Search
Question: EdgeR Design matrix not of full rank
0
3.0 years ago by
United States
kjclowers0 wrote:

I am trying to set up model where I have paired biological replicates as a blocking factor, and I am interested in the differential expression in individual strains as well as between specific groups of strains that were isolated from similar environments. I am getting the Matrix not of full rank error even though none of the columns in my design matrix are all 0s. Any advice on how to resolve this problem?

rep <- factor(c(1,2,1,2,1,2,1,2,1,2,1,2))

group <- factor(c(1,1,1,1,2,2,2,2,3,3,3,3))

strain <- factor(c(1,1,2,2,3,3,4,4,5,5,6,6))

I then created by design:

design <- model.matrix(~rep+group+strain, data=data)

which looks like this:

> design

(Intercept) rep2 group2 group3 strain2 strain3 strain4 strain5 strain6

1            1    0      0      0       0       0       0       0       0

2            1    1      0      0       0       0       0       0       0

3            1    0      0      0       1       0       0       0       0

4            1    1      0      0       1       0       0       0       0

5            1    0      1      0       0       1       0       0       0

6            1    1      1      0       0       1       0       0       0

7            1    0      1      0       0       0       1       0       0

8            1    1      1      0       0       0       1       0       0

9            1    0      0      1       0       0       0       1       0

10           1    1      0      1       0       0       0       1       0

11           1    0      0      1       0       0       0       0       1

12           1    1      0      1       0       0       0       0       1

attr(,"assign")

[1] 0 1 2 2 3 3 3 3 3

attr(,"contrasts")

attr(,"contrasts")$rep [1] "contr.treatment" attr(,"contrasts")$group

[1] "contr.treatment"

attr(,"contrasts")\$strain

[1] "contr.treatment"

I then made my DGEList, normalized, and got an error while trying to estimate Dispersion.

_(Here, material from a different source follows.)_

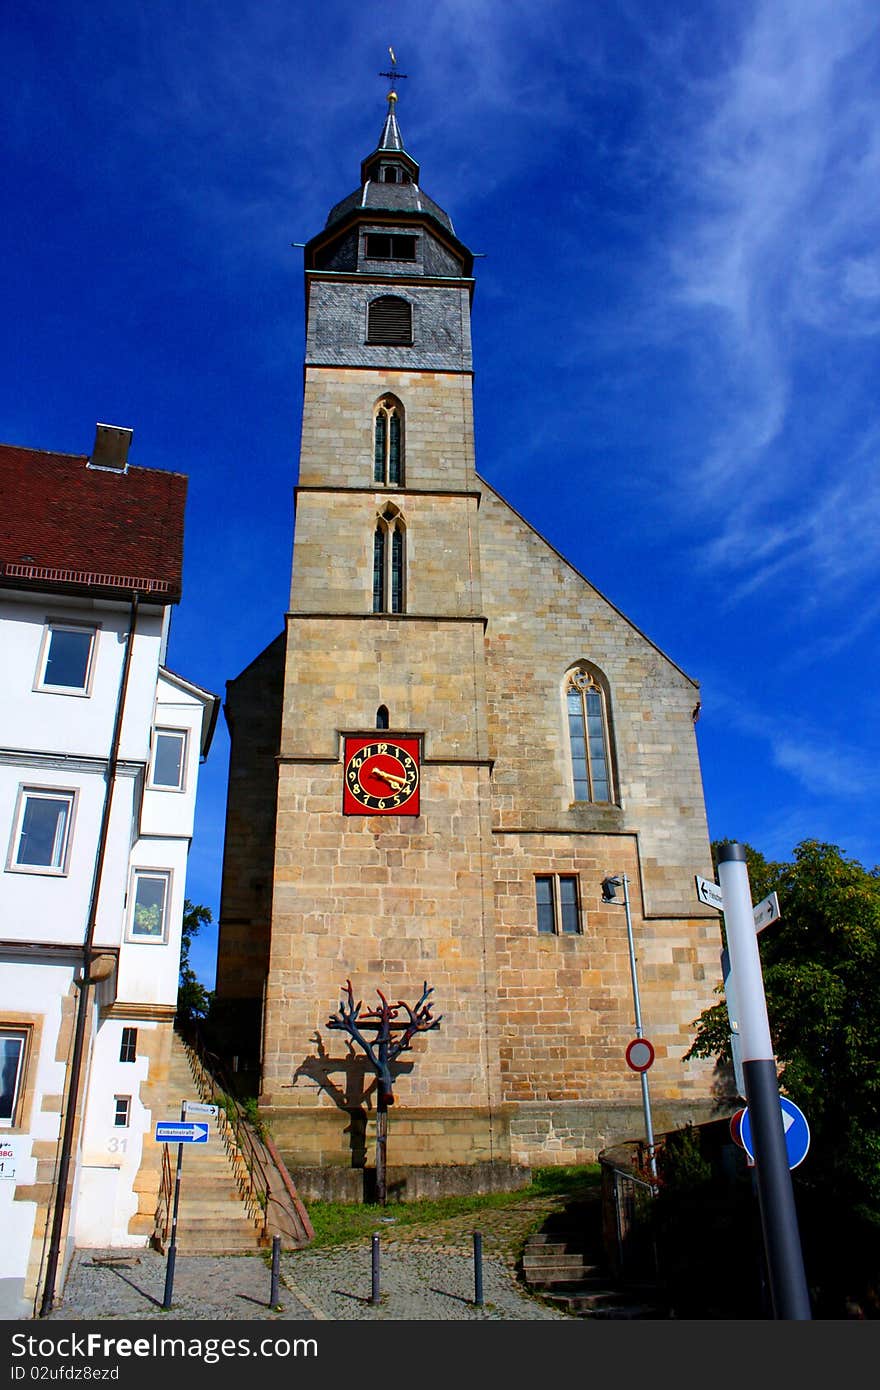 A old church in with a large steeple under a blue sky with a wooden cross and a red clock in Stuttgart in Germany. A old church in with a large steeple under a blue sky with a wooden cross and a red clock in Stuttgart in Germany
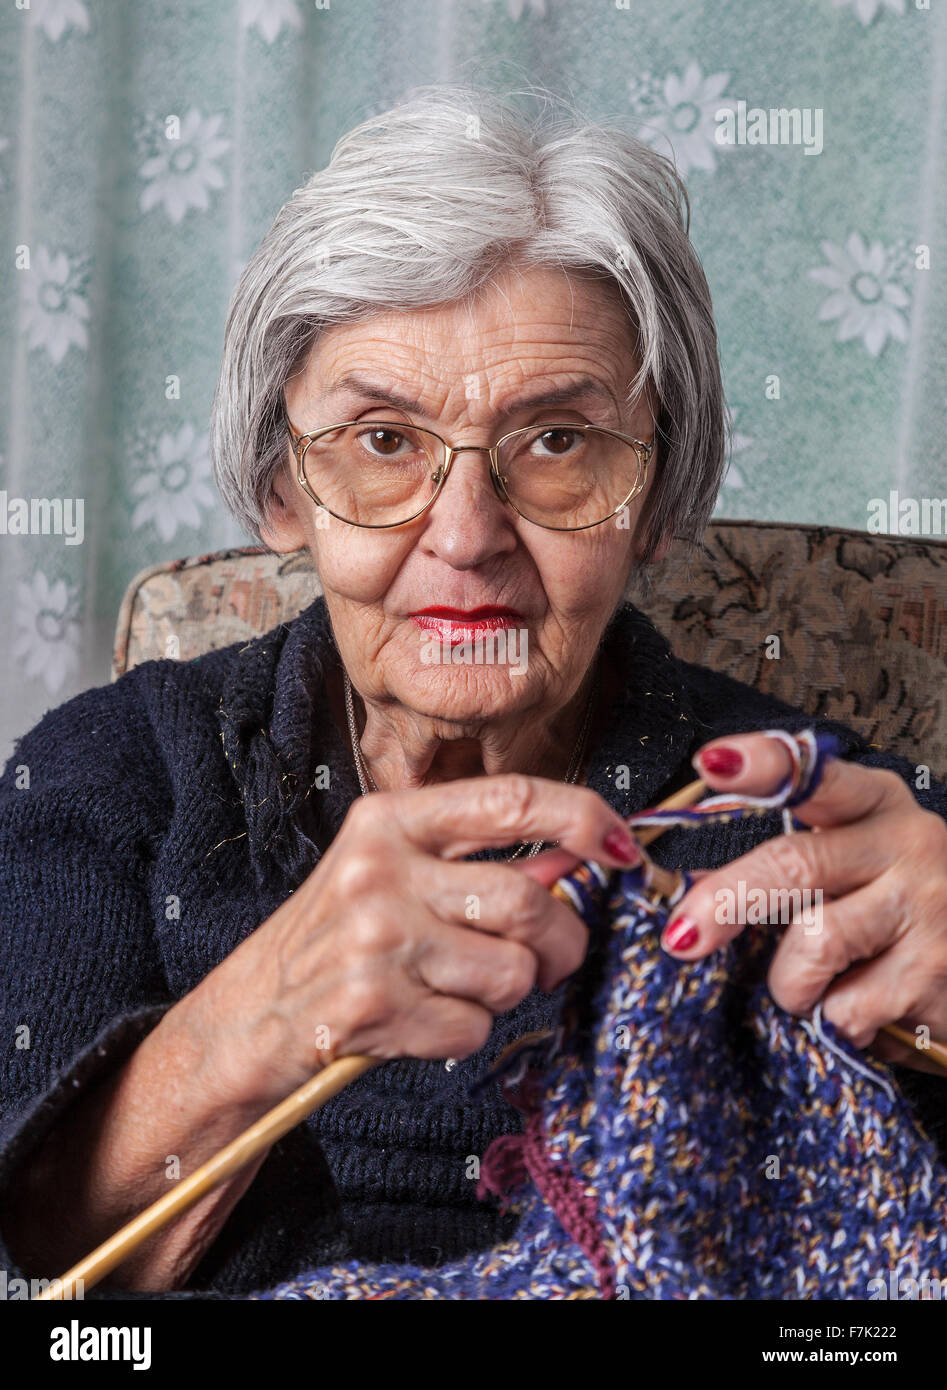 Portrait of an old wrinkled woman knitting in her home. Stock Photo

y <- DGEList(counts=data[,1:12], group=group:strain:rep)

y<-calcNormFactors(y)

y <- estimateGLMCommonDisp(y,design)

> y <- estimateGLMCommonDisp(y,design)

Error in glmFit.default(y, design = design, dispersion = dispersion, offset = offset,  :

Design matrix not of full rank.  The following coefficients not estimable:

strain4 strain6

I also tried changing the order of variables in the model (~rep+strain+group) which results in the same error with group 2 and group 3 coefficients not estimable.

modified 3.0 years ago by Gordon Smyth33k • written 3.0 years ago by kjclowers0
5
3.0 years ago by
Aaron Lun19k
Cambridge, United Kingdom
Aaron Lun19k wrote:

If you examine your matrix, you'll notice that you have linear dependencies between your columns. For example, adding the columns strain5 and strain6 will give you the column for group3, while adding strain3 and strain4 will give you the column for group2. It's impossible to estimate these coefficients, because you can get an infinite number of solutions for the best fit.

To resolve this, you need to get rid of the dependencies. This can be done in an automated fashion by using the QR decomposition to pivot out dependent columns. However, I prefer to reparametrize the design matrix itself, in order to get more interpretable coefficients. In your case, the group factor is confounded by the strain factor, so I'd be inclined to just leave it out:

design <- model.matrix(~0+strain+rep)

This gives you a one-way layout for strains, with an additional blocking factor for the replicate. You can then compare between strains quite easily. You can also compare between groups of strains by setting up a contrast between the averages of each group (check out the last example in section 3.2.3 of the user's guide).

Thank you, that makes sense. What if I want to do an ANOVA-like test for any difference between the groups? I'm not sure how I would set up the contrasts for that if strain and rep are the only grouping factors.

Just take all of the pairwise contrasts between groups (using the comparison between averages that I described in my original answer) and cbind them into a contrast matrix. This will test for differences between any of the group averages in an ANOVA-like style.

1
3.0 years ago by
Gordon Smyth33k
Walter and Eliza Hall Institute of Medical Research, Melbourne, Australia
Gordon Smyth33k wrote:

Just to add to Aaron's post.

The reason why your design matrix is not of full rank is that your 'group' factor is redundant -- it is simply a coarser grouping of the levels of the strain factor that is also in the model. There is no way to estimate effects for redundant variables. So you have to remove it.